- _Work task_: Everything in the listing below should be repeated verbatim, apart from the pictures.
[The data]
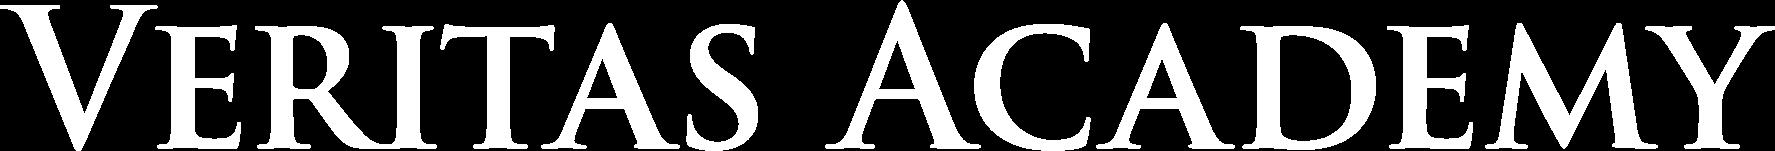 veritas-academy-logotype-inverted-rgb
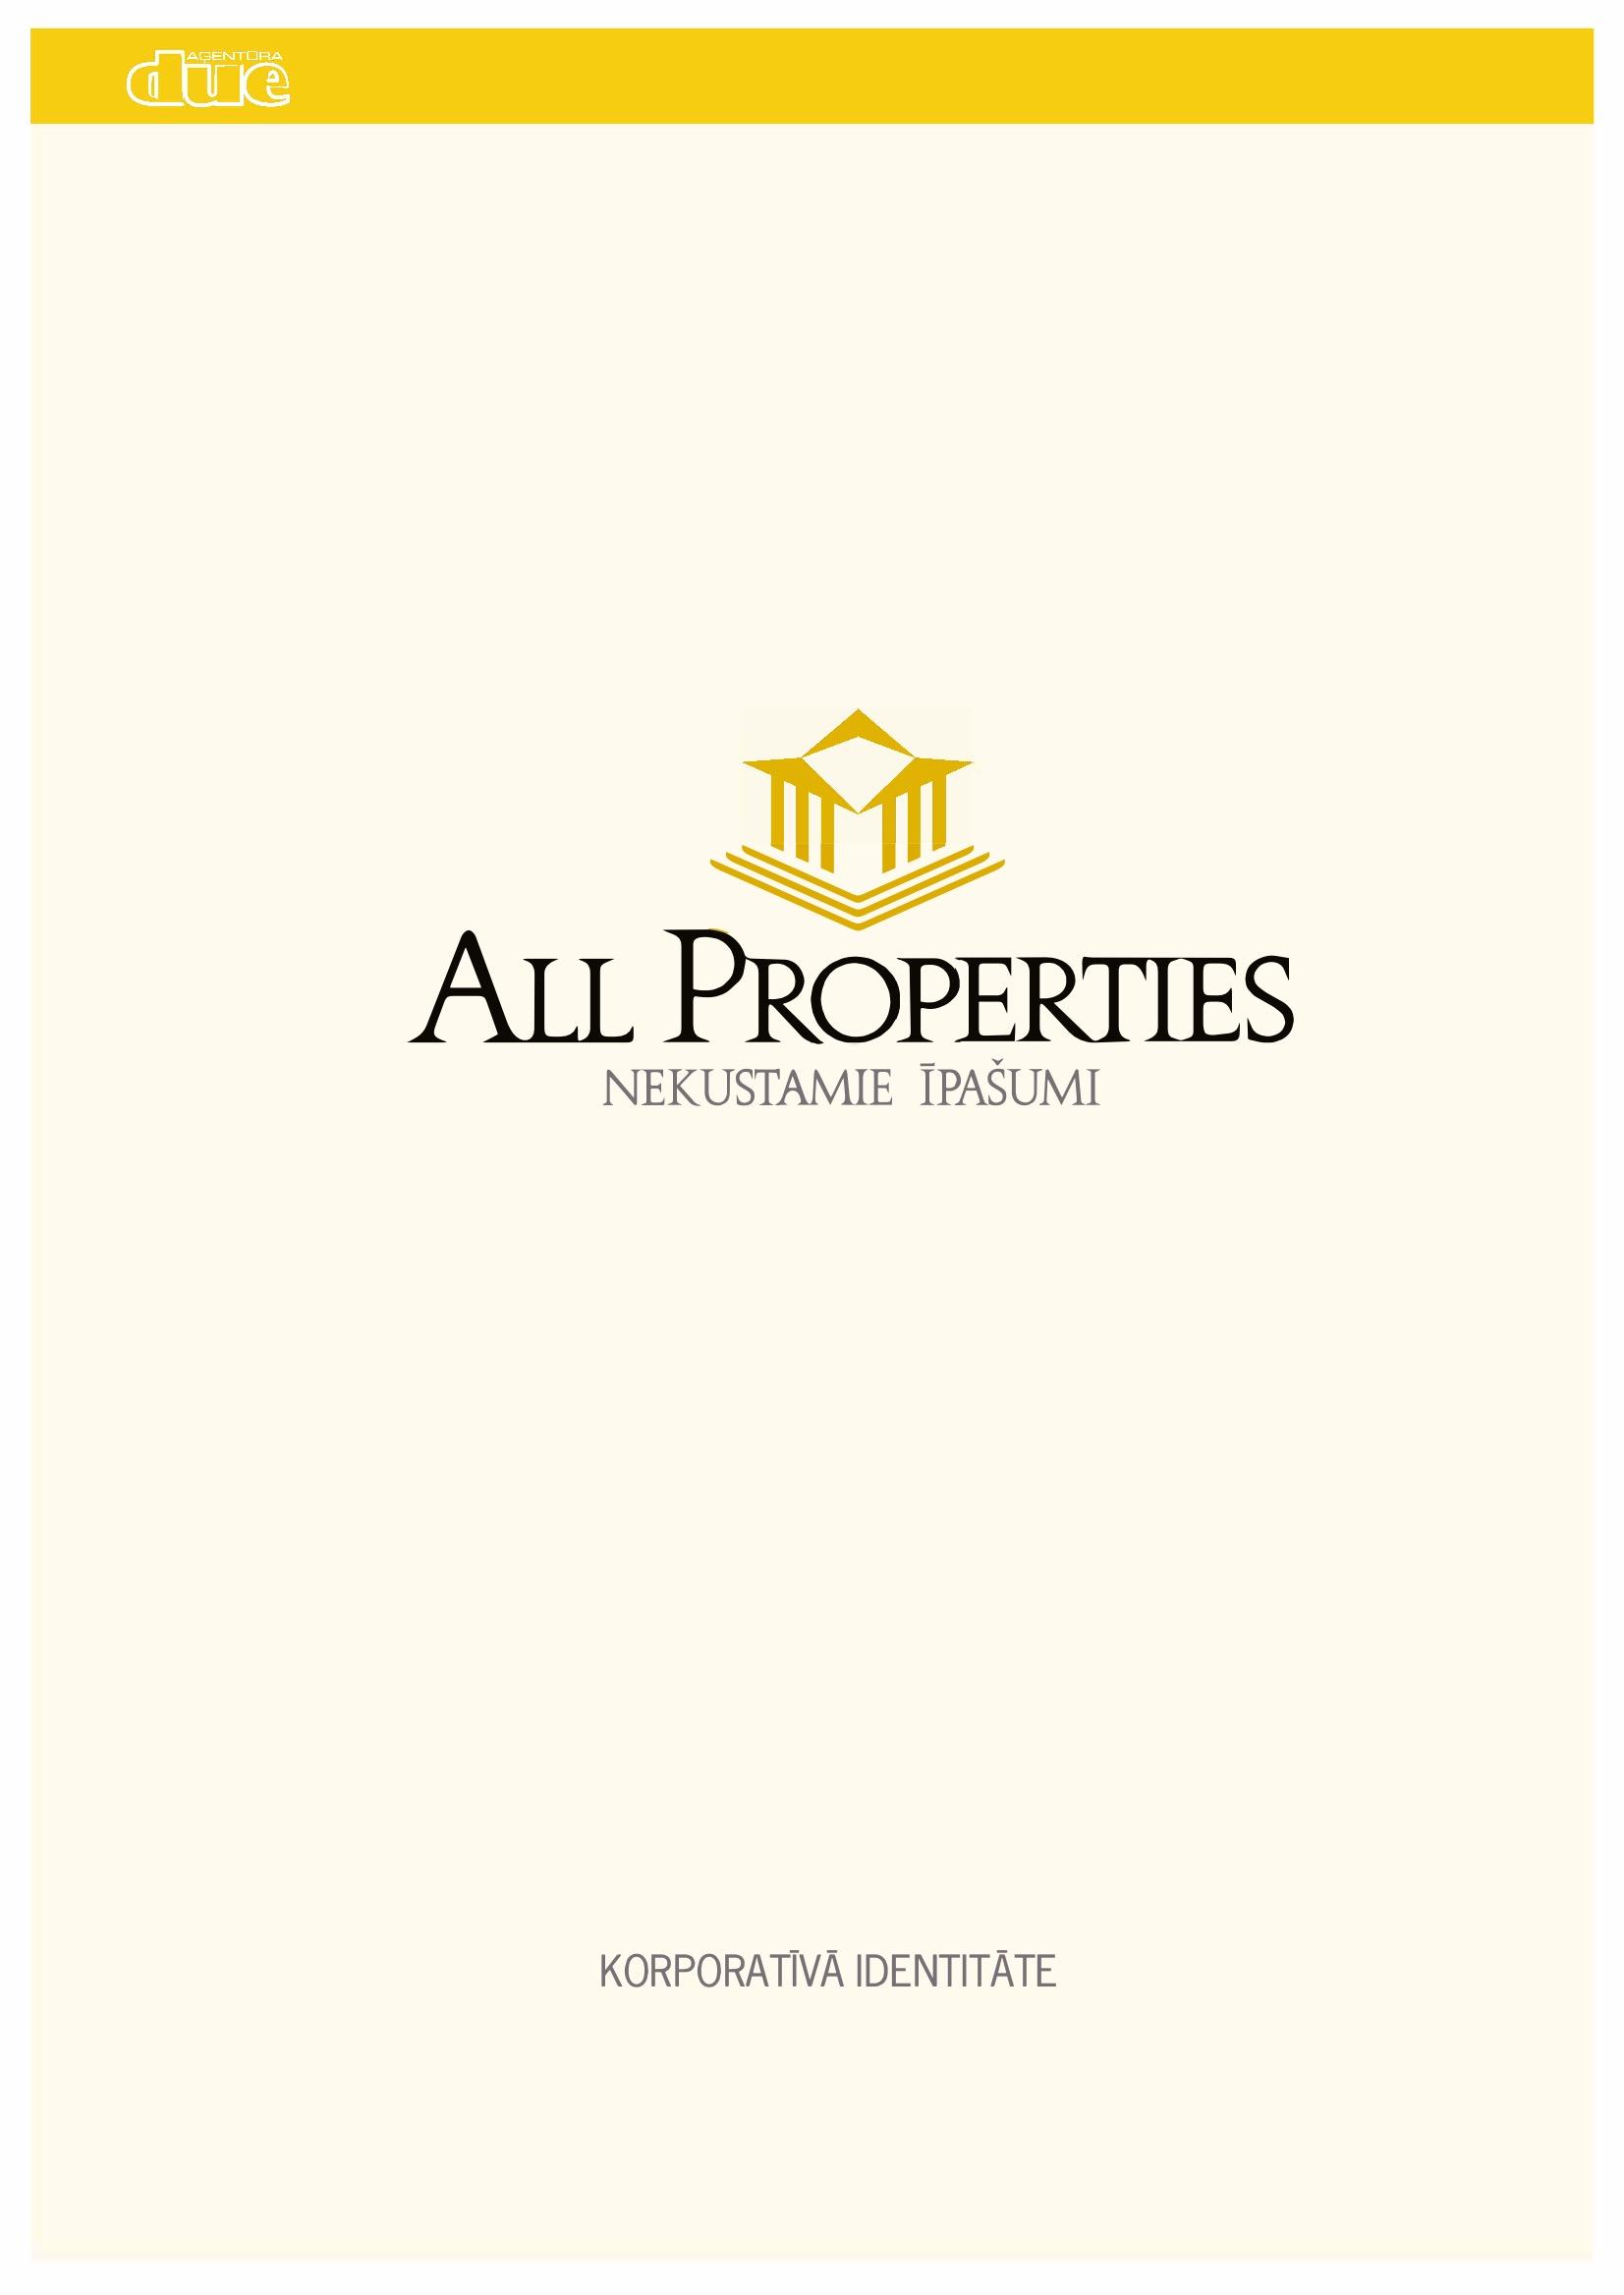 ALL_Properties_Stils 1
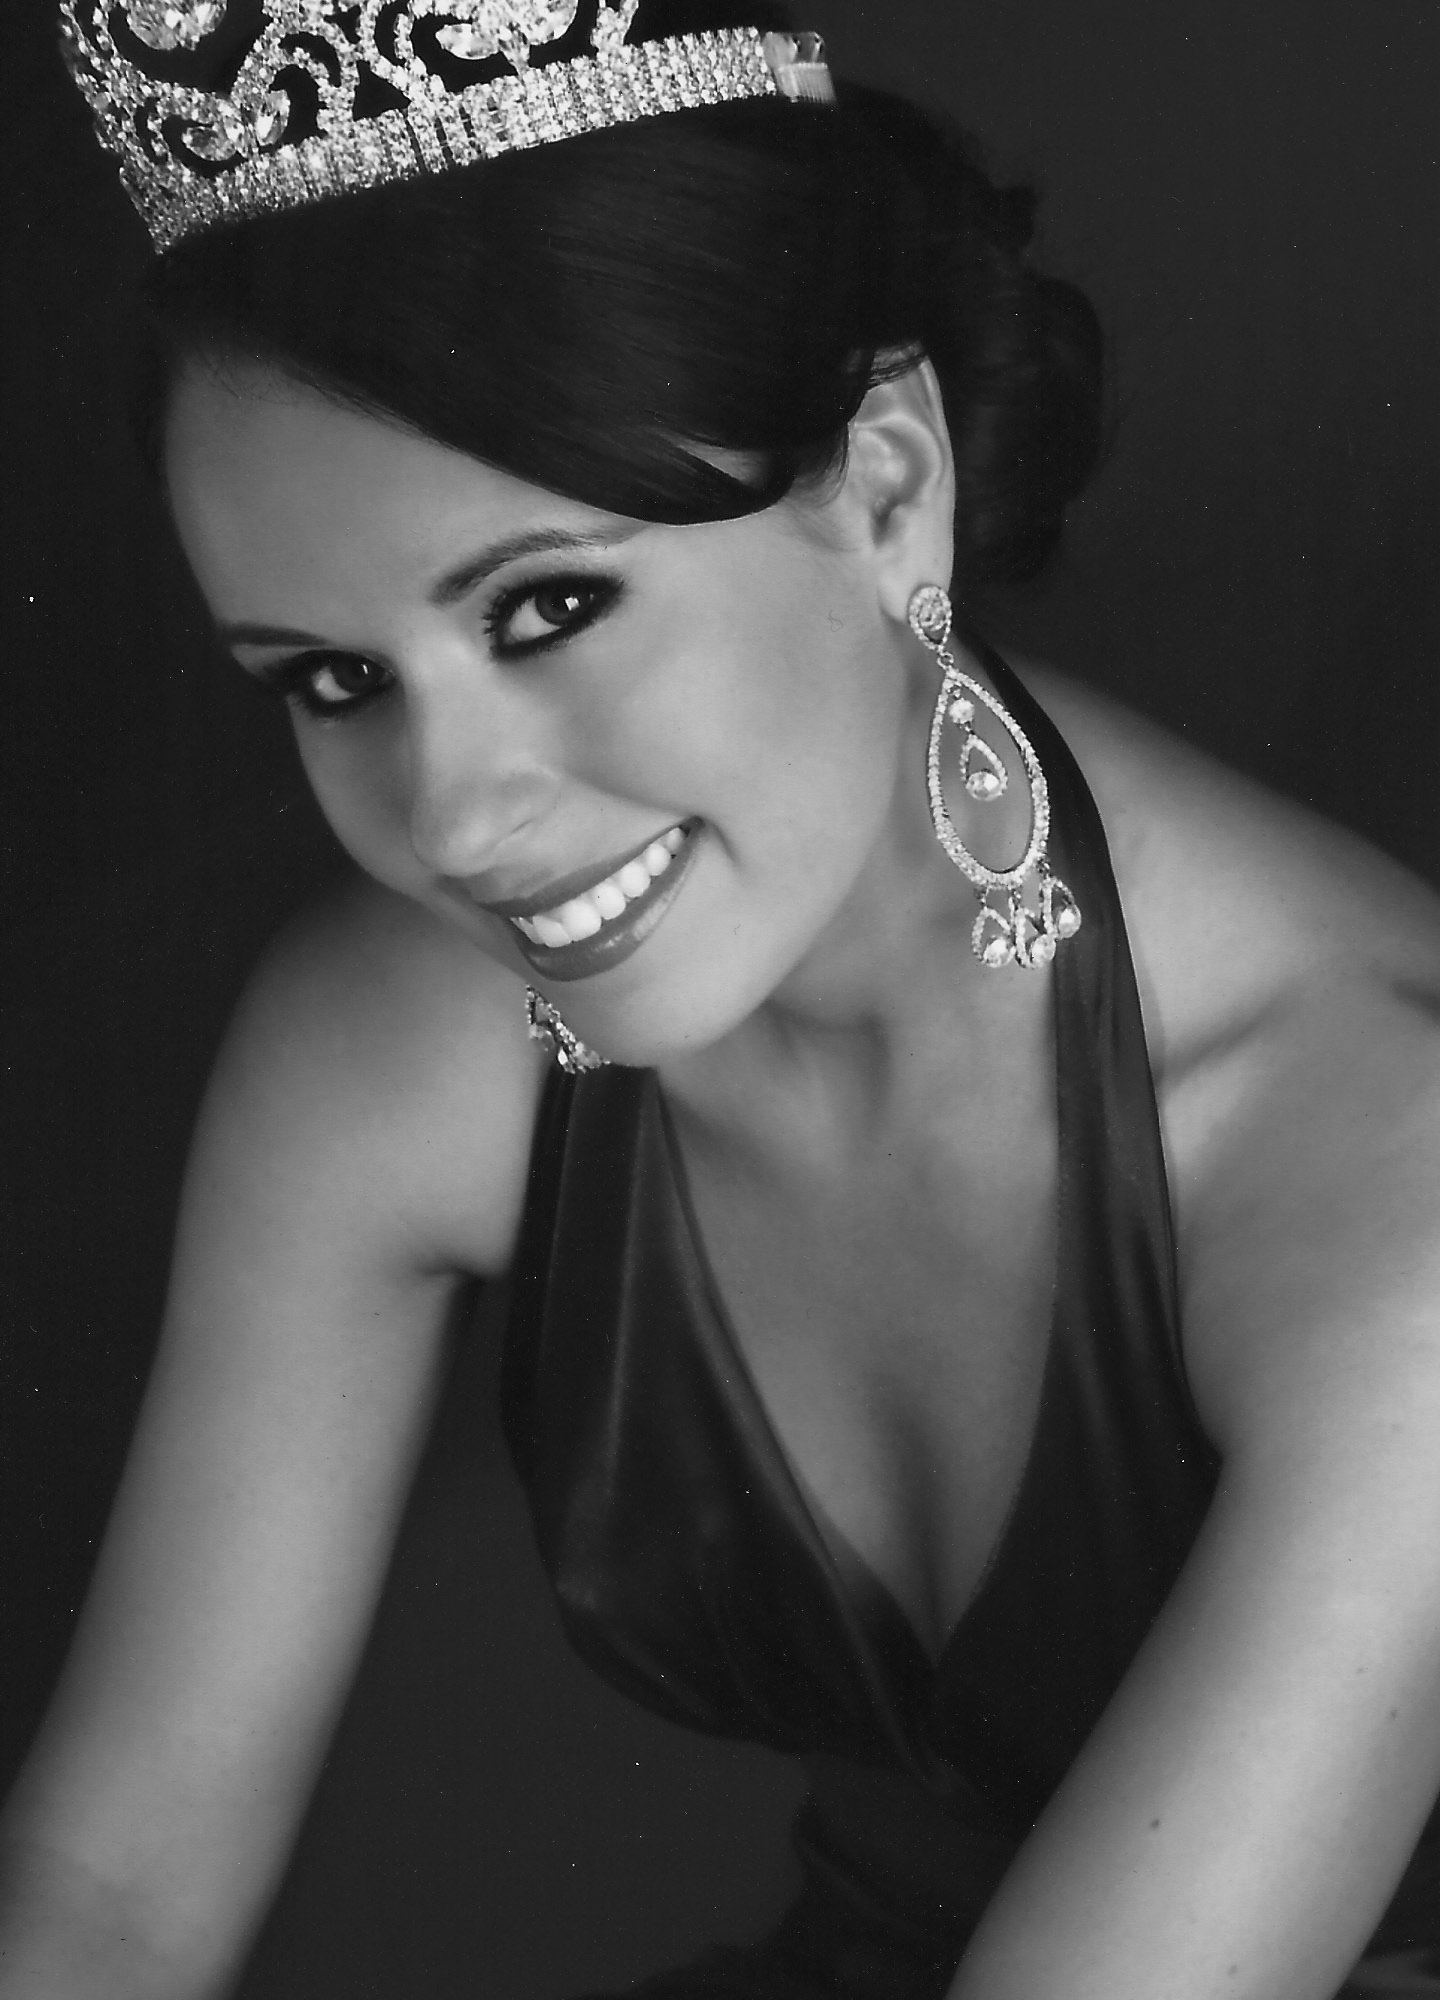 Mrs. Colorado America 2007
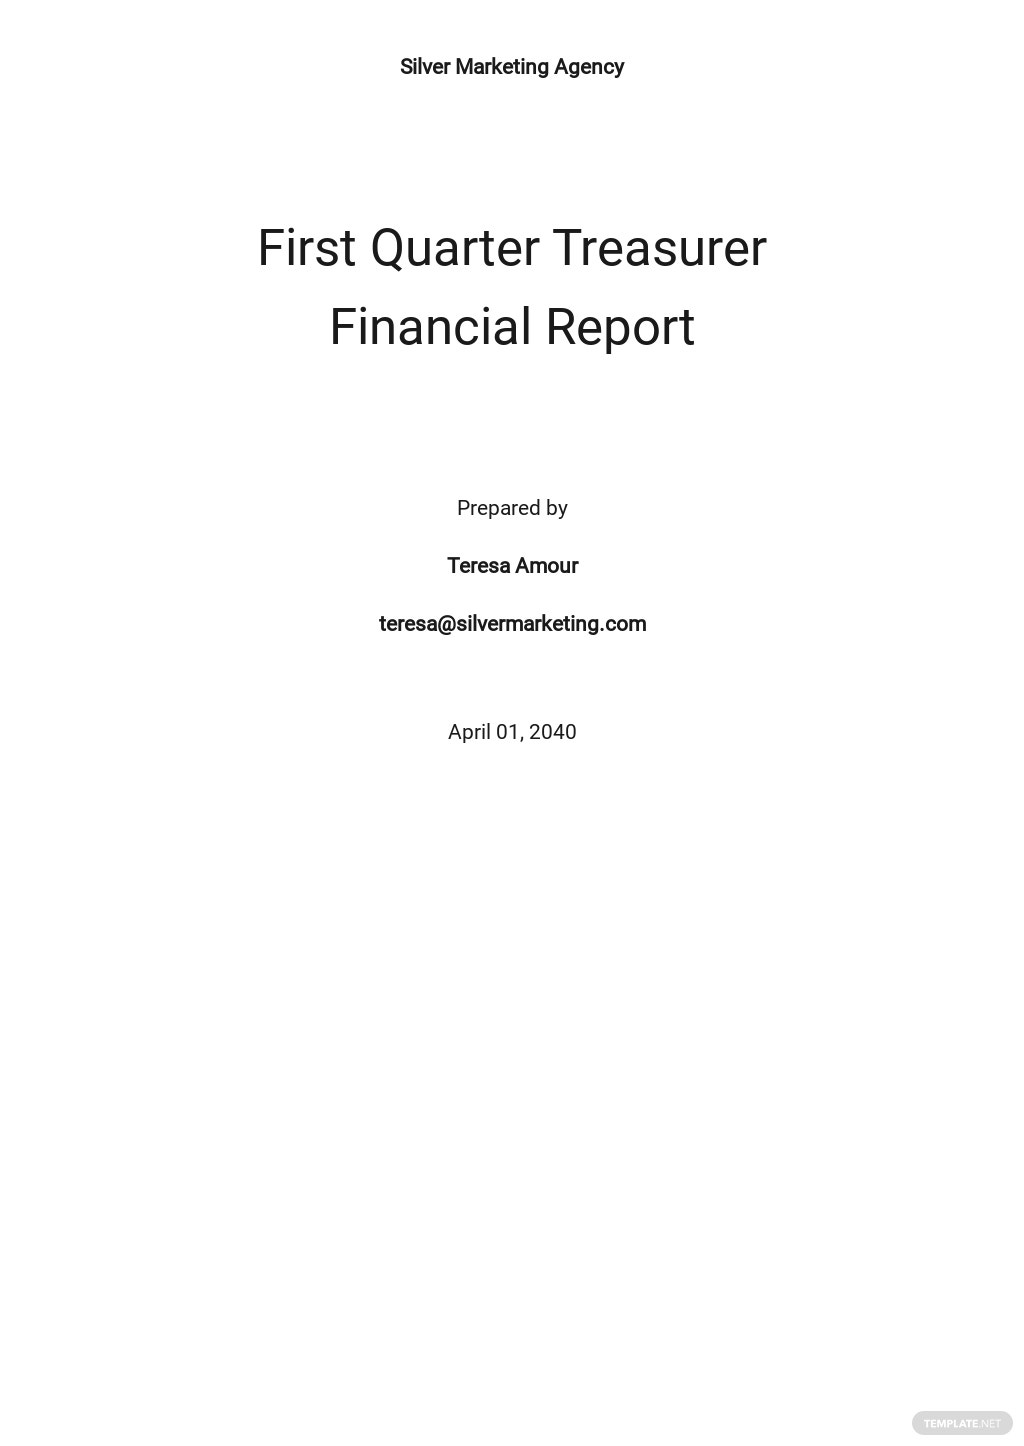 Treasurer Financial Report Template.jpe
[/The data]
- _Solution to this problem_:
 veritas-academy-logotype-inverted-rgb
 ALL_Properties_Stils 1
 Mrs. Colorado America 2007
 Treasurer Financial Report Template.jpe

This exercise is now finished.